I don’t know about that last one. I think Mom just got carried away with her own rhetoric, because it seems to me that all great housekeepers - male or female – do in fact appreciate it when their disorganized spouses attempt personal reformation. So maybe she exaggerated a little on that.

But as for the concluding observation, who among us doesn’t like having our fantastic abilities bragged about to all our friends?

Tuesday, October 6, 2009

October 6, 2009: A Note On The Pursuit Of Happiness

Suppose you are single and contemplating marriage, and a benevolent angel visits you and tells you that if you marry you will be exactly as happy in the future as if you had remained single. The pros and cons of your marriage will balance each other perfectly – all joys on the one side will match (but not exceed) sorrows on the other.

Do you marry?

I think a Christian would want to ask the angel, “Well, what does God want me to do?” Now the angel says, “In your case God doesn’t care. Oops – sorry - let me rephrase that. He cares about you, of course, it’s just that he’s fine with it either way, whether you marry or remain celibate. Both options are equally obedient.”

So, do you marry? Or is there anything else you would like to ask the angel?

While you think about that, let me recommend an essay by C. S. Lewis, “We Have No ‘Right To Happiness’” in his book, God in the Dock. It would give me some happiness to mail you a copy of it upon request, because it is good and will benefit you and you will be a better person if you take its lessons to heart.

Lewis writes about people who do despicable things like have affairs and leave their mates because doing so makes them happy - and happiness is a thing they regard as a sacred right. Actually, they only regard their own happiness as a sacred right. If someone slandered them, for example, they would howl in protest and not be placated if their enemy explained, “But it made me happy to tell all those lies about you!”

Lewis’ essay debunking the right to happiness is the last thing he ever wrote. He died a few days later.

Lewis was a happy man, by all accounts – jovial, courteous, laughed a lot, brightened every room he entered. All the Lewis biographies say that about him, and every written remembrance alludes to his broad generosity of spirit. But Lewis hardly ever seemed to plot a course of action merely on the basis of what would make him happy. In fact, he even got married as a favor to a friend! American author (and single mom) Joy Gresham asked him if he would marry her so that she would not be deported from England when her visa expired. Though perfectly content as a 58-year-old bachelor, Lewis agreed to the marriage-in-name-only (no rings, private civil ceremony, they lived apart) just so that she could stay in England with her boys.

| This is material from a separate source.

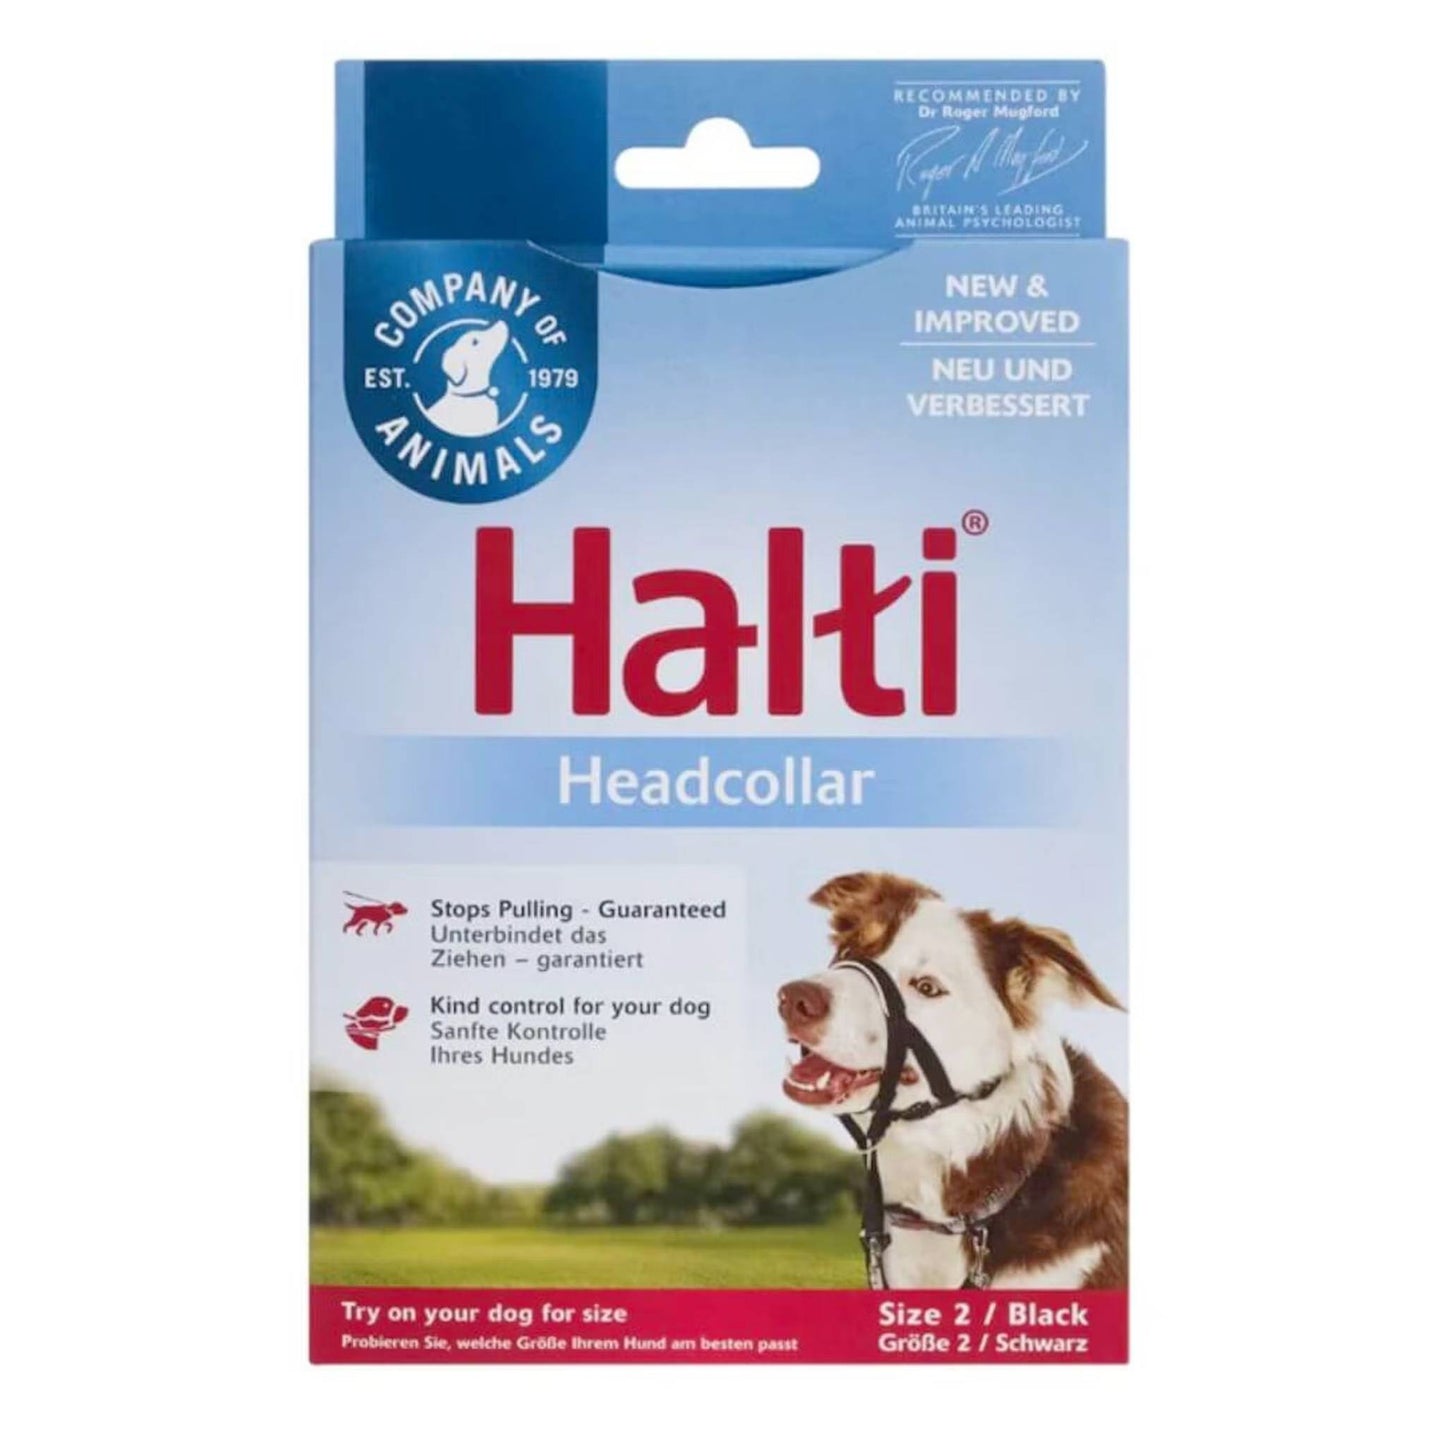 Halti headcollar for dogs size 2

Then Joy got cancer, and Lewis took her into his home. He cared for her until she died two years later. He fell deeply in love with her, and cherished her as much as one person can cherish another. Read A Grief Observed, written right after her death, and unless your heart is made of stone you’ll want to cry for him, the loss hurt so bad.

The last thing Joy said to Lewis before she passed away was “You have made me happy.”

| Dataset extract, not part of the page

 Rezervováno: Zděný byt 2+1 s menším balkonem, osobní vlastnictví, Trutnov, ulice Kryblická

That’s what I’d like to ask the angel about in the hypothetical situation I propose above. Regardless of whether marriage advances my happiness, what about my spouse? Will she have greater joy for having married me? If so, then by all means let’s do this! If I am to marry, please let it be to someone who can say to me on her deathbed (or when I’m on mine), “You have made me happy.”

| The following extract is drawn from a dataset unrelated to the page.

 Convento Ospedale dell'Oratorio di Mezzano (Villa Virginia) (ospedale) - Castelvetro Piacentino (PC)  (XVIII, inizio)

Romans 14:7 says that none of us lives to himself alone. That is as it should be. Do good, and let the prospect of other peoples’ happiness determine the course of your actions and decisions. You might get a good share of your own happiness on the rebound. And if not, well, don’t worry about it. If you trust in Jesus Christ you’ll have a whole eternity to bathe in joys and ecstasies that will drown every sorrow you have ever known.